About

This API returns the file count, the total number of lines and the total number of bytes grouped by file extension, of a given public Github repository. As in the example below:

[ 
{ "extension": "java", 
"count": 4, "lines": 360, 
"bytes": 5246 
}, 
{ 
"extension": "xml", 
"count": 2, "lines": 45, 
"bytes": 368 
}, 
… 
] 

How to use it

In order to make a basic request to the API, all you need is a POST request to the root path of the application, with a payload such as the following:

{
	"repository": "${GITHUB_REPO_NAME}"
}

The duration of the first request might take a while, depending on the size and structure of the given repository. After the first request of an especific repository, that response is stored in cache. That way, the next requests for that same repository will take no reprocessing. In order to invalidate that cache and reload the response, you just need to make the same POST request with an additional payload attribute:

{
	"repository": "${GITHUB_REPO_NAME}",
        "refresh": "true"
}

Example

image

Docker Image

This repository contains a Dockerfile through which it is possible to generate a docker image for the API.
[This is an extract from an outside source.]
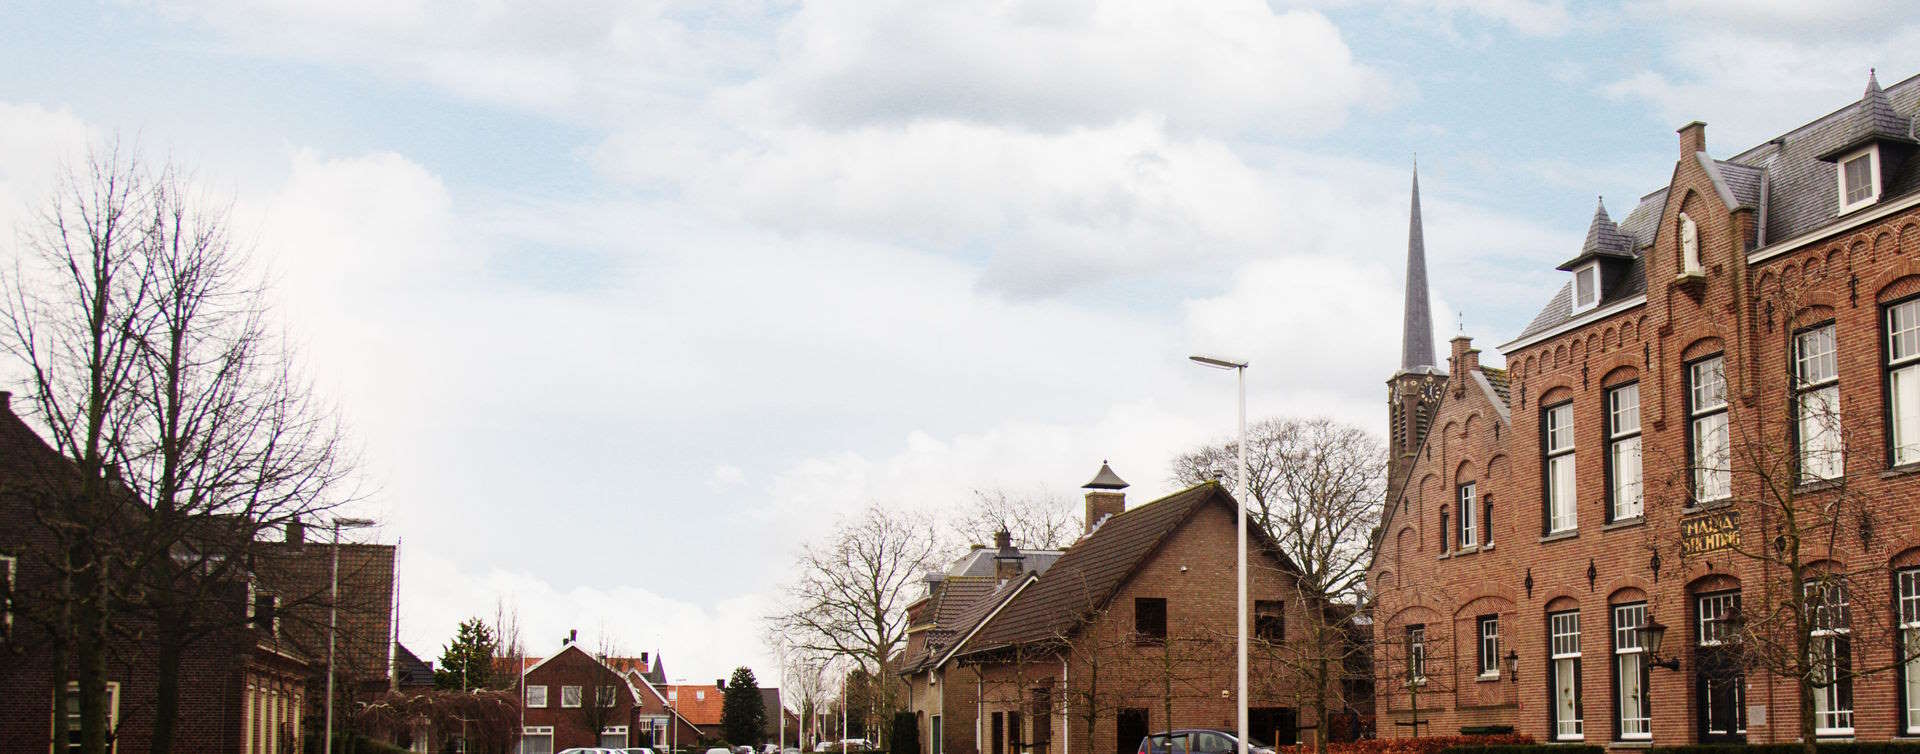 De omgeving van Klerks Financiele Diensten, RegioBank in Elshout
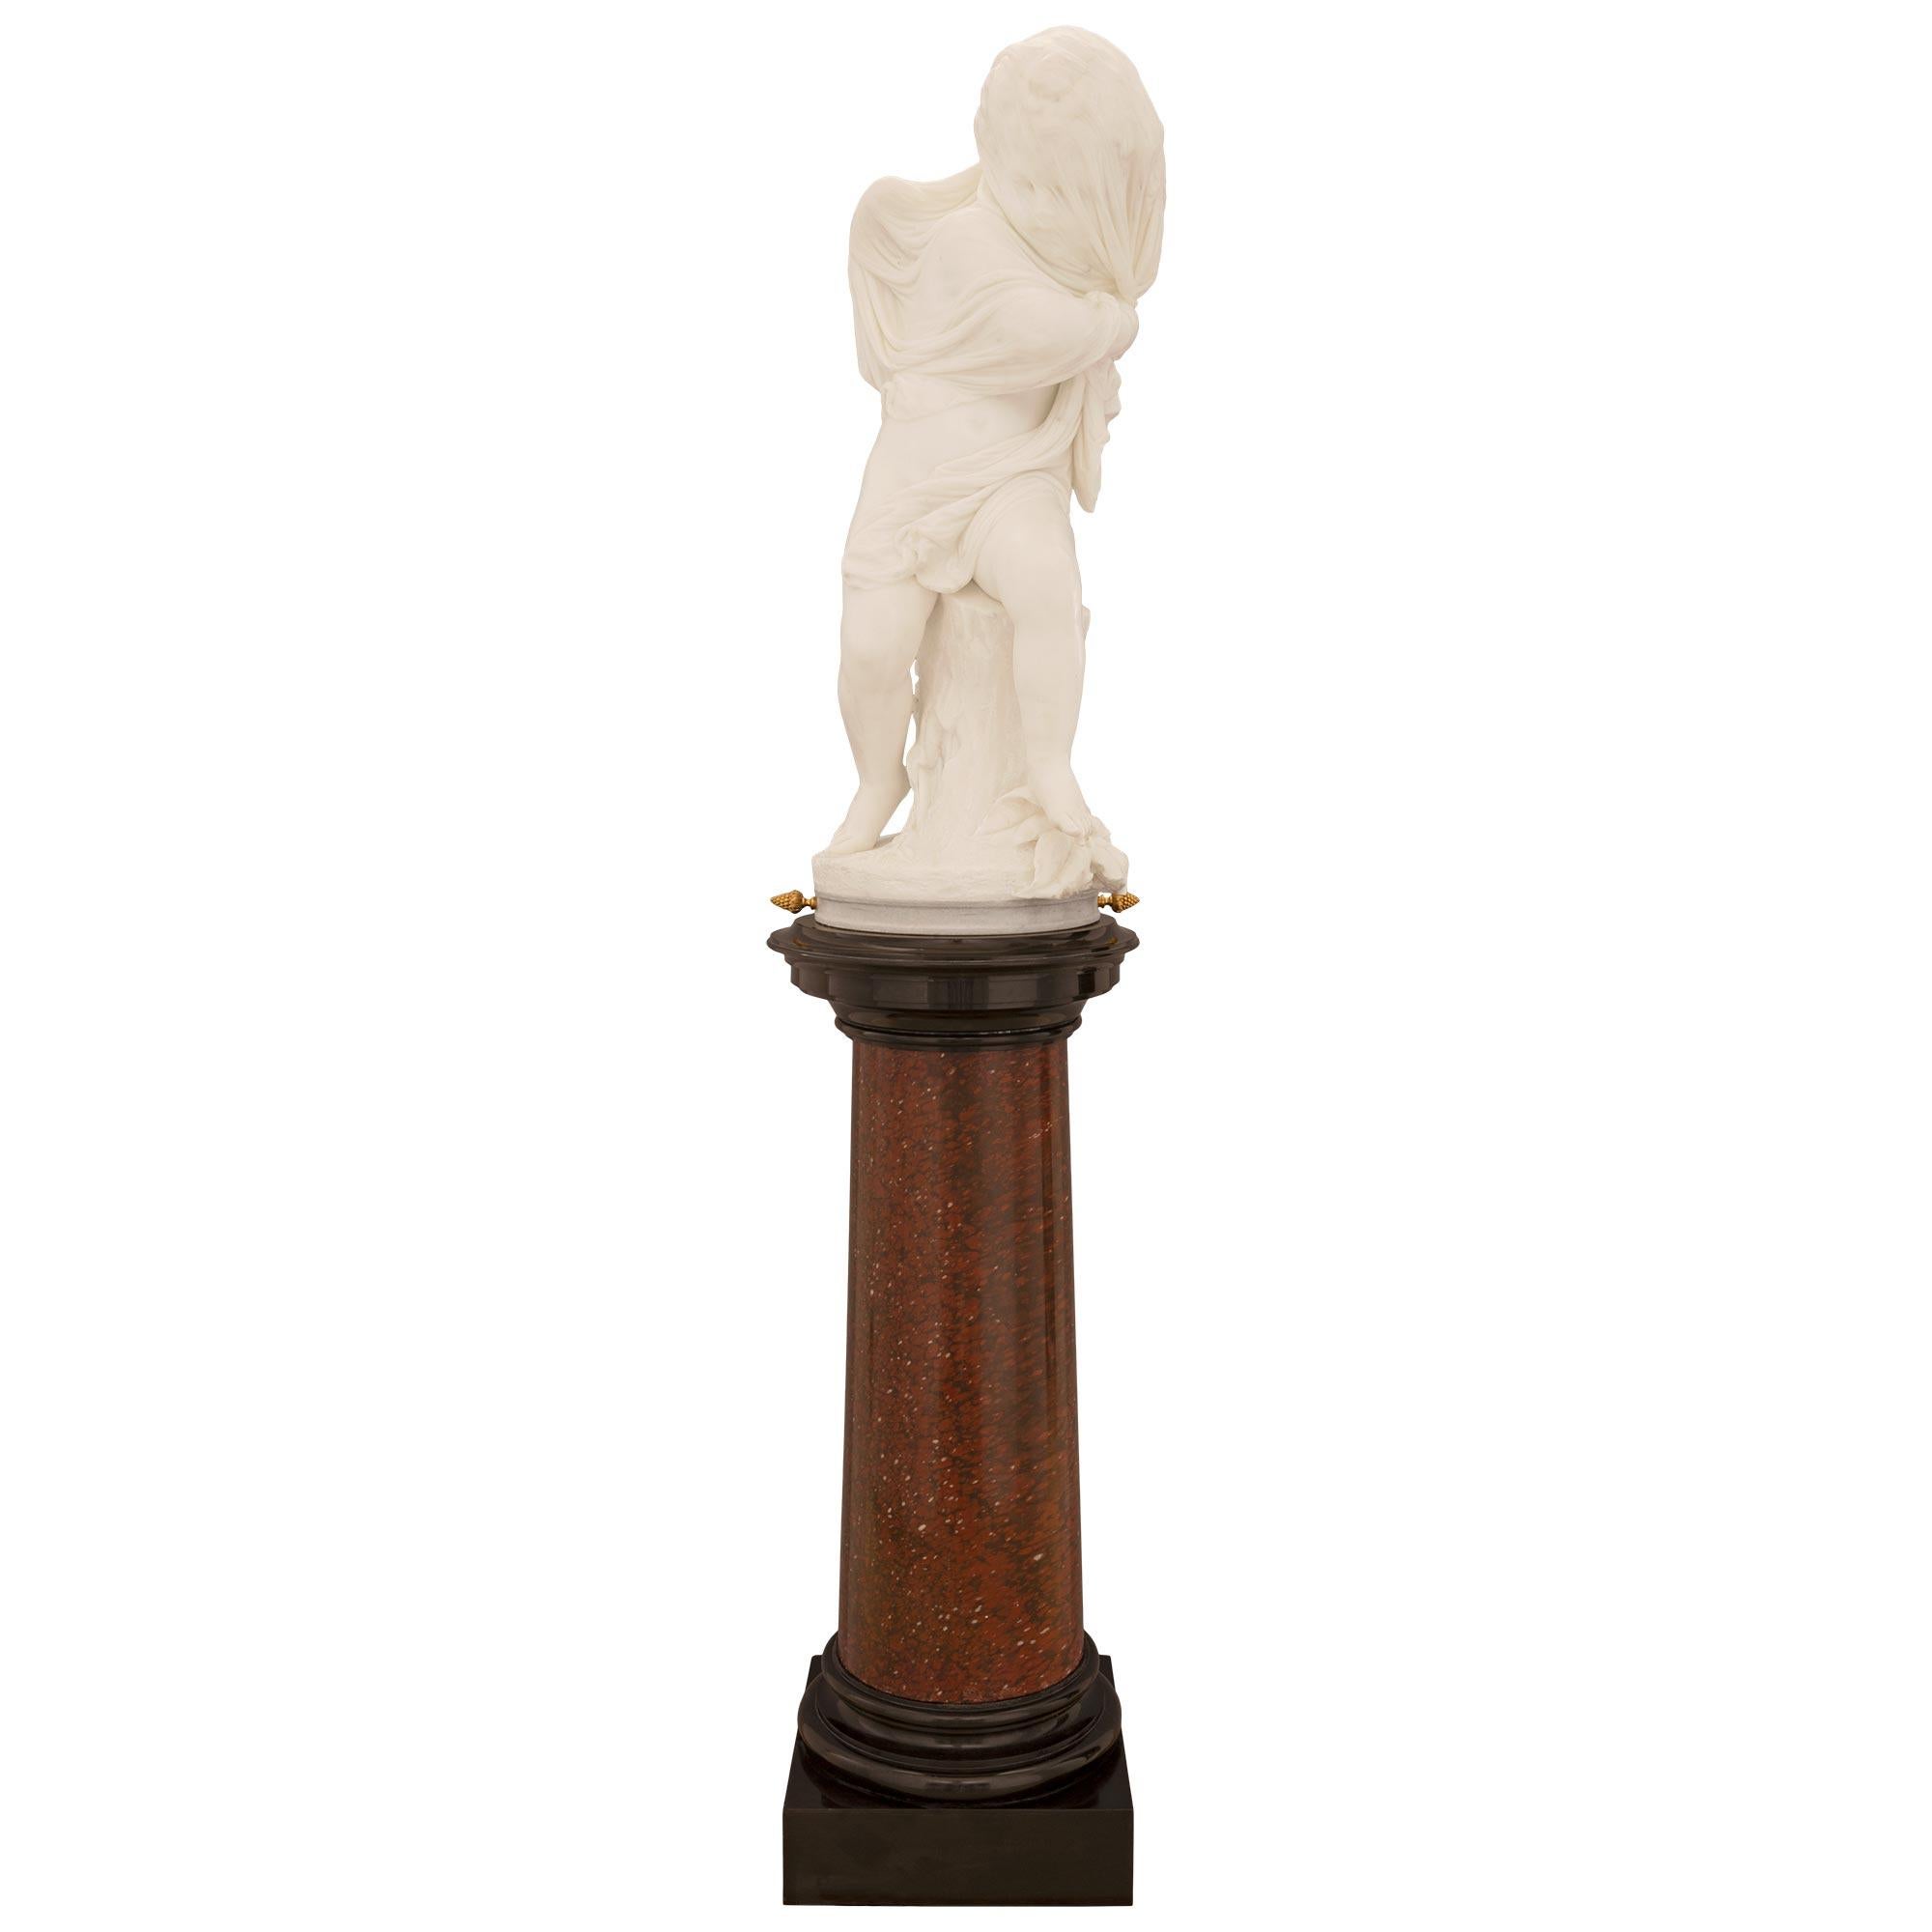 Une exquise statue en marbre blanc de Carrare de très haute qualité, datant du 19e siècle, sur son piédestal original en marbre Rouge Griotte et noir de Belgique, nommée

The image was also made available on a public Docker Hub repo:

jonathandavidbr/github-scrapper

To download the latest image available:

docker pull jonathandavidbr/github-scrapper:latest

To run the image:

docker run -p ${LOCAL_PORT}:5000 ${IMAGE_NAME}

Where LOCAL_PORT is the port in which the image must run, and IMAGE_NAME is the tag name given to the downloaded image.

CI/CD with Auto DevOps

This template is compatible with Auto DevOps. Auto Deploy of the master branch is enabled through configuration on Heroku.

Java Spring template project

This project is based on a GitLab Project Template.

Future Improvements

  • Performance improvements on requests and processing
  • Auto cache invalidation based on Last Commit info
  • Repository validation at request
  • Visibility for repositories already stored
  • Data persistence